Alt-indie moiré par Elliot Bam sur Can I See You Again

Alt-indie moiré par Elliot Bam sur Can I See You Again
  • Publishedaoût 25, 2025

Je tombe dans ce morceau comme on entrouvre une porte sur un appartement encore tiède : odeur d’orage, verre abandonné sur la table basse, et cette tension suspendue entre ce qui a été et ce qui ne sera peut-être pas. Can I See You Again n’essaie pas de masquer la gêne du “après” ; Elliot Bam la met au centre du cadre, la filme en gros plan, puis la fait danser. Alt-indie sensuel, blues en filigrane, guitares distordues comme des souvenirs mal rangés, batterie qui pousse sans presser, voix en couches qui se répondent à l’intérieur du même torse — rien de gratuit, tout respire la précision artisanale d’un multi-instrumentiste qui sait où placer l’éclat et où laisser le silence.
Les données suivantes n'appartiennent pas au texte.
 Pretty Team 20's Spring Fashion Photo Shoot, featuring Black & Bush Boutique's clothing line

Sur le plan sonore, c’est chirurgical et charnel. Les guitares, légèrement saturées, sont traitées comme un tissu : grain présent, attaques contrôlées, sustain qui tient juste ce qu’il faut pour dessiner l’arrière-plan. La rythmique garde une allure de marche nocturne — kick ferme, caisse claire feutrée, charleys au compte-gouttes — pendant que des reverb en champ moyen donnent cette profondeur ciné qui installe la pièce. La voix d’Elliot, posée, assumée, se dédouble en harmoniques discrètes ; le timbre reste nu, les effets ne servent que la proximité. On sent le studio pensé en clair-obscur : médiums soignés, haut du spectre poli (zéro fatigue), bas tenu pour laisser respirer la dynamique. Le mix aime la retenue, refuse la boursouflure ; la tension naît du relief, pas du volume.
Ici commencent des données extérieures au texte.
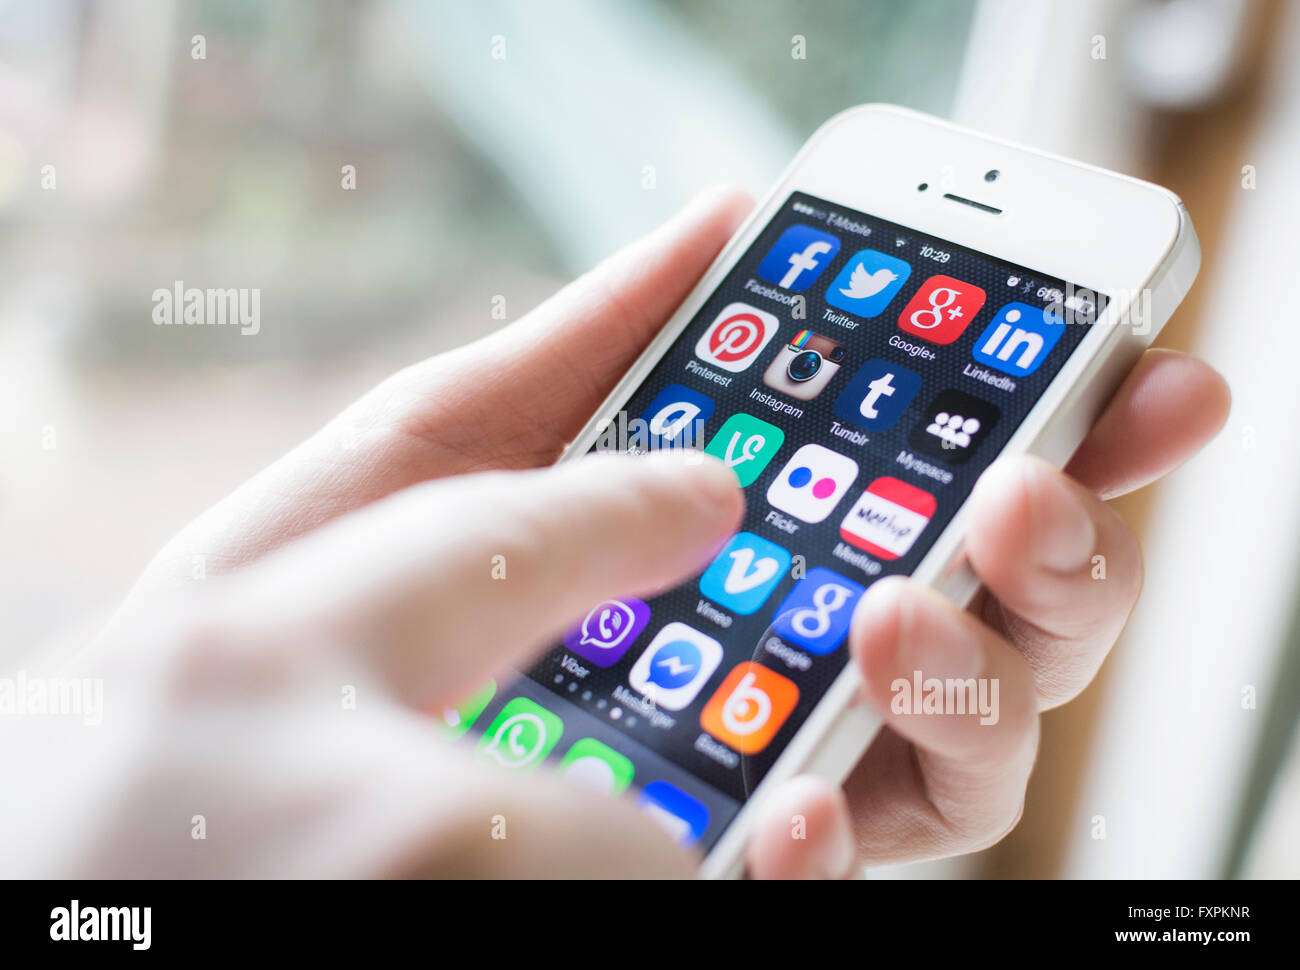 Social media on smartphone screen - Stock Image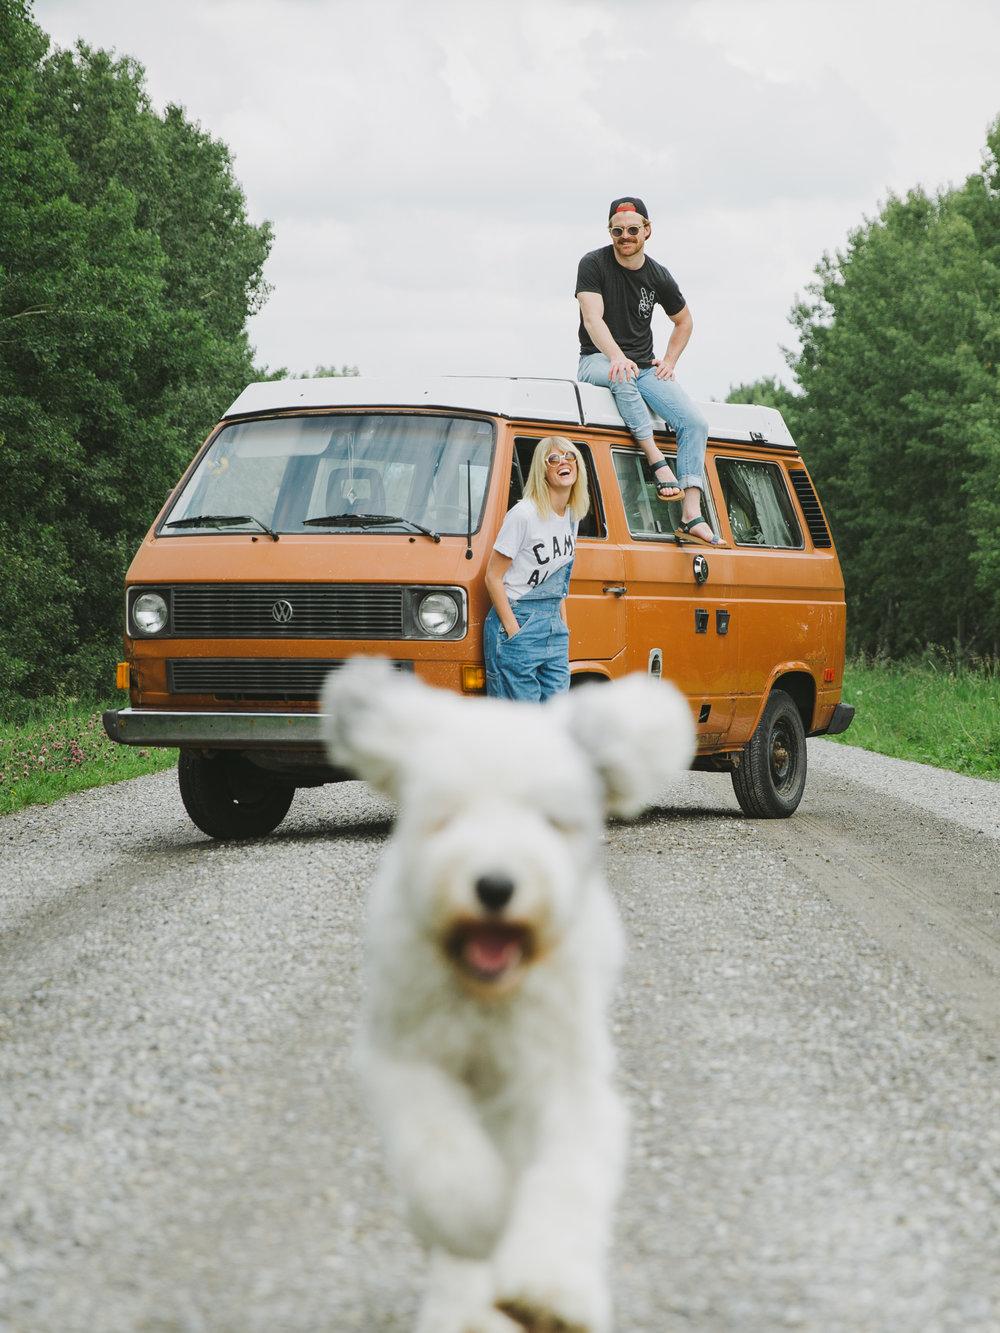 MikeSeehagel-CampBrandGoods-lifestyle-photographer_IMG_8373-2.jpg

L’écriture, elle, marche sur la ligne fine entre confession et manifeste. Elliot parle d’un lendemain sans réponse, d’un imaginaire qui s’emballe, de ce vide qui suit le frisson. Mais la perspective change tout : un homme trans, gay, qui n’adoucit rien et ne s’excuse pas d’avoir du désir. Ce renversement rend le morceau nécessaire. Dans un paysage pop souvent obsédé par une vulnérabilité de carte postale, Can I See You Again préfère l’honnêteté nue : l’insécurité n’y est pas une esthétique, c’est un fait, et l’arrangement la rend habitable. On comprend les filiations citées (Hozier pour le sombre lumineux, Phoebe Bridgers pour la précision émotionnelle, Lucy Dacus pour la droiture mélodique), mais Elliot évite le mimétisme. Le blues n’est pas posture, c’est un ligament.
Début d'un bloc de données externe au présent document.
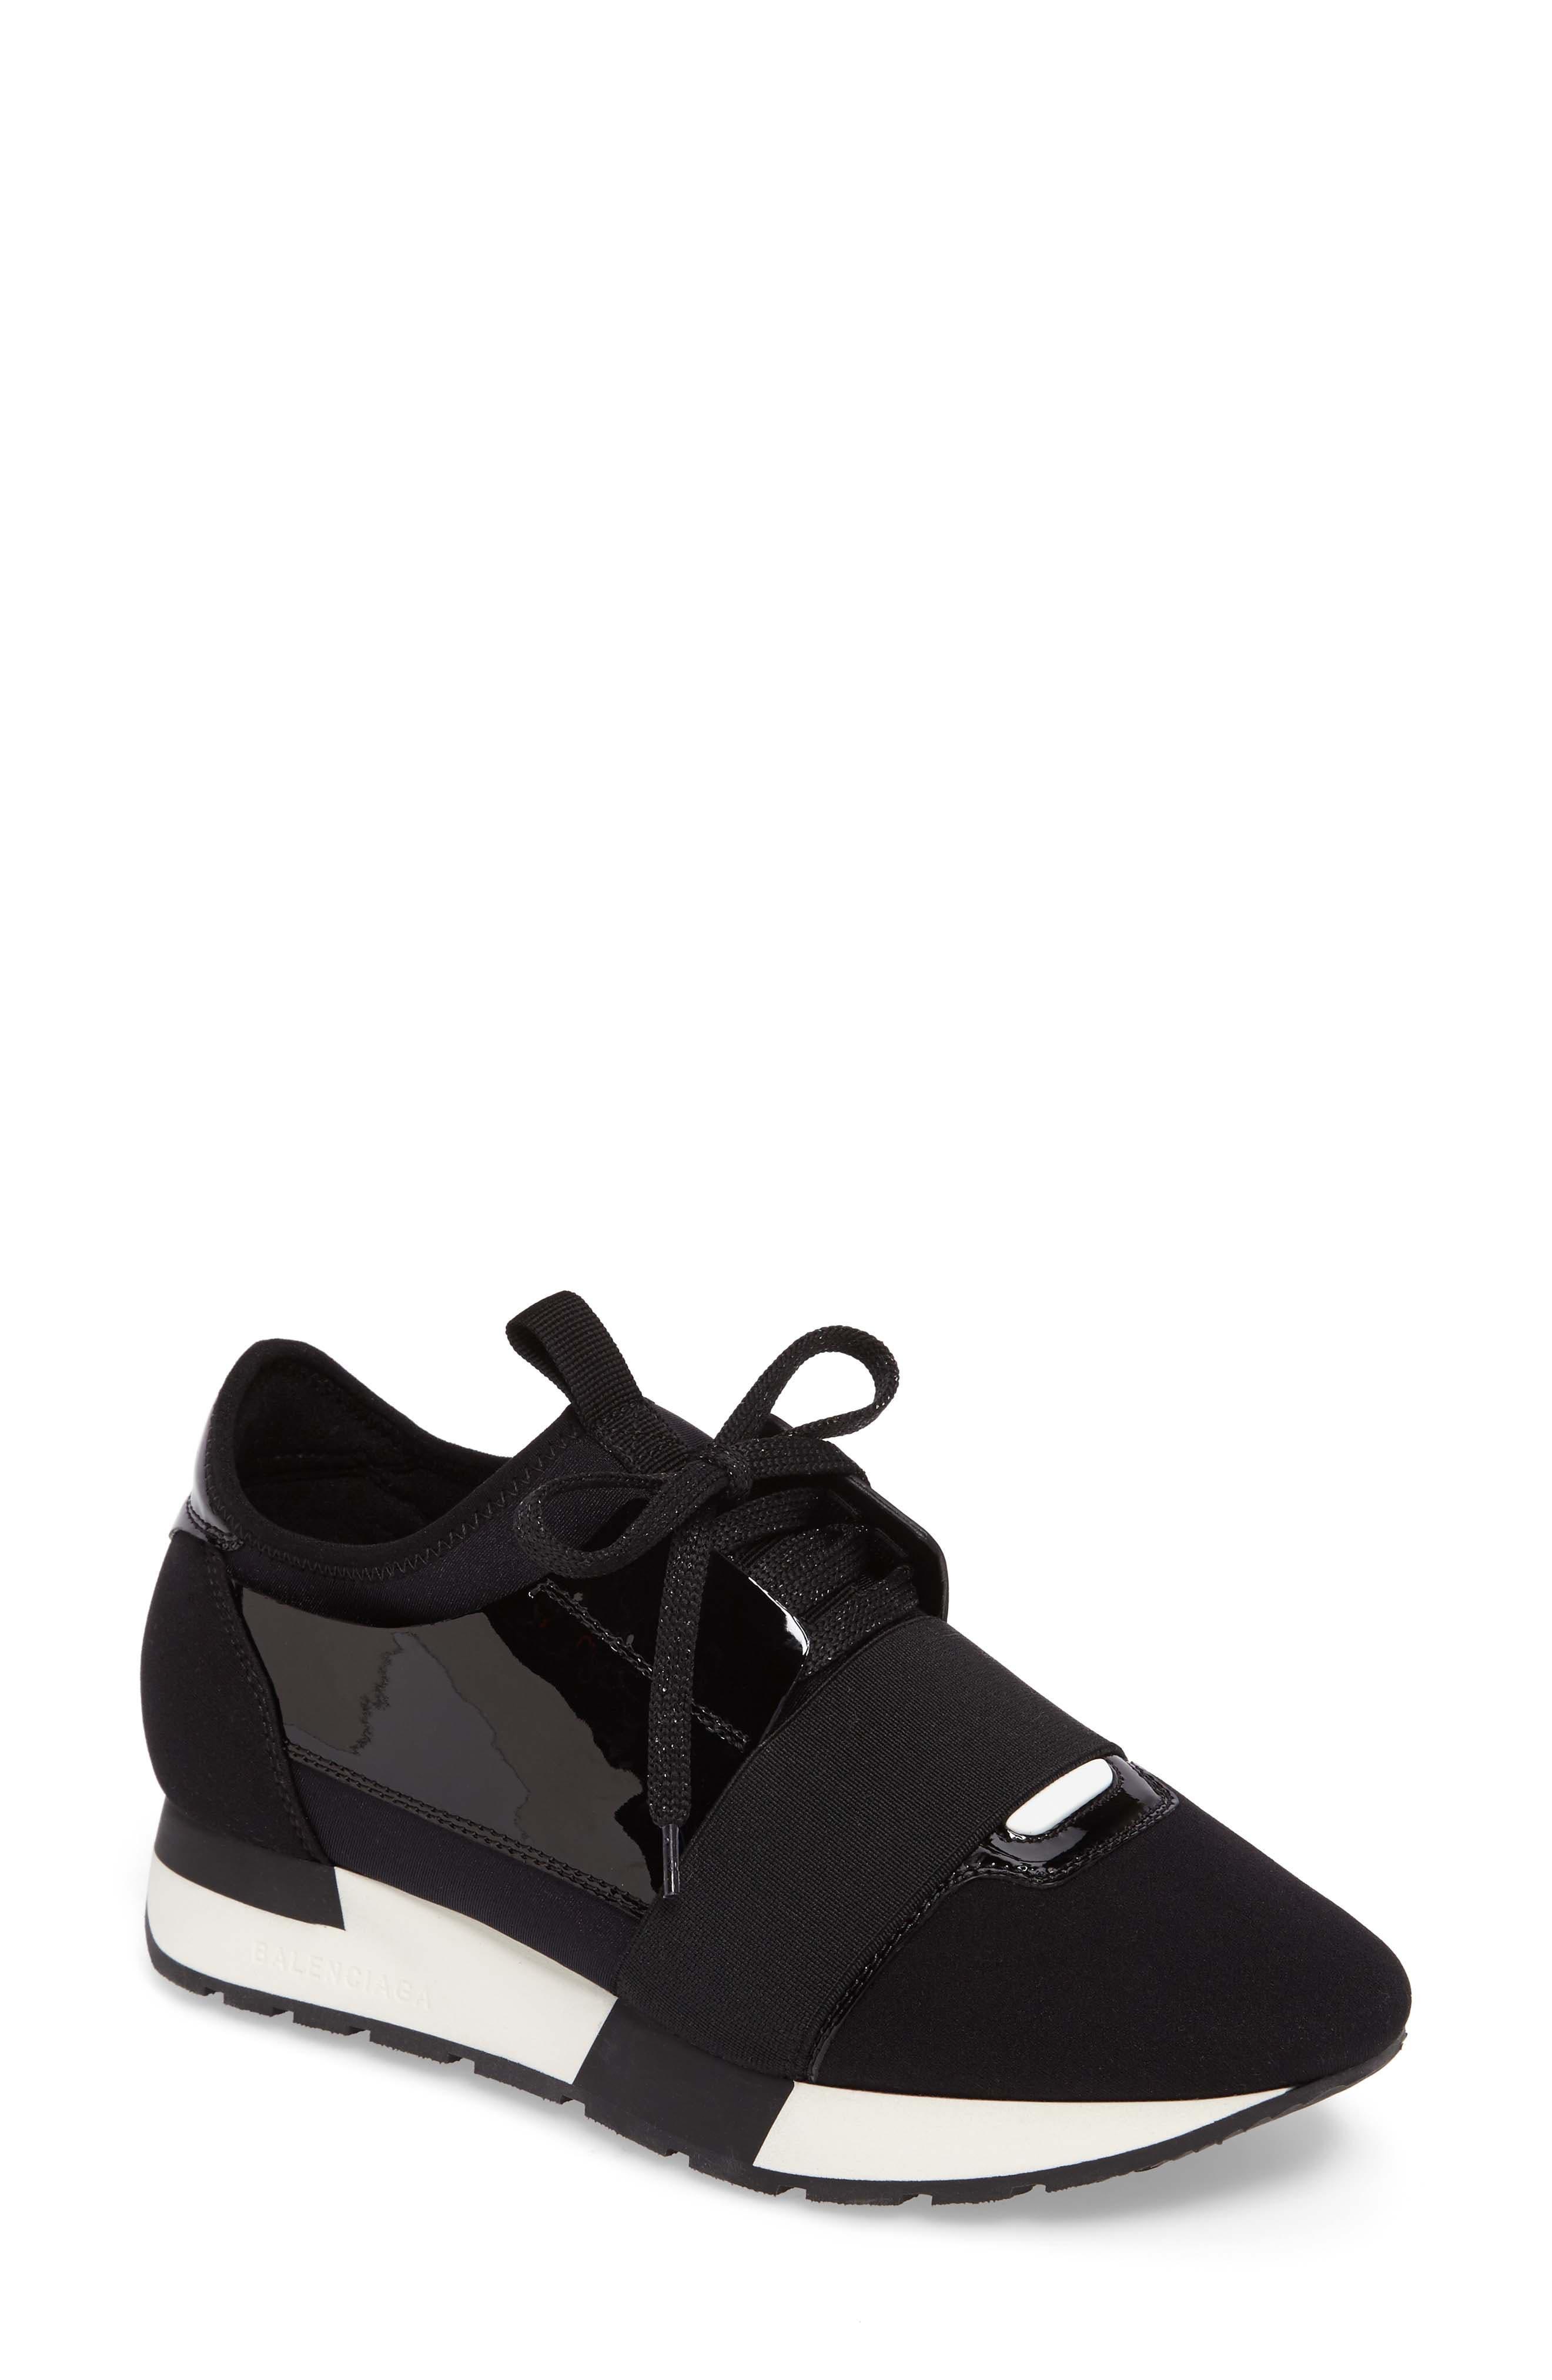 Balenciaga Trainer Sneakers (Women)

Ce single a la modestie d’une scène intime et la portée d’un signal. Il prouve que l’on peut faire tenir une politique du corps dans une chanson sans slogan : juste des choix sonores exacts, une voix qui ne se planque pas, un récit qui regarde l’autre sans se renier. Can I See You Again n’offre pas de résolution miracle ; il propose une vérité partageable, une place pour celles et ceux qui reconnaissent ce vertige. À volume honnête, la dernière mesure laisse un sillage tenace — ce moment où l’on se surprend à respirer plus lentement, comme si le morceau avait remis de l’ordre entre la peau, la tête et le cœur.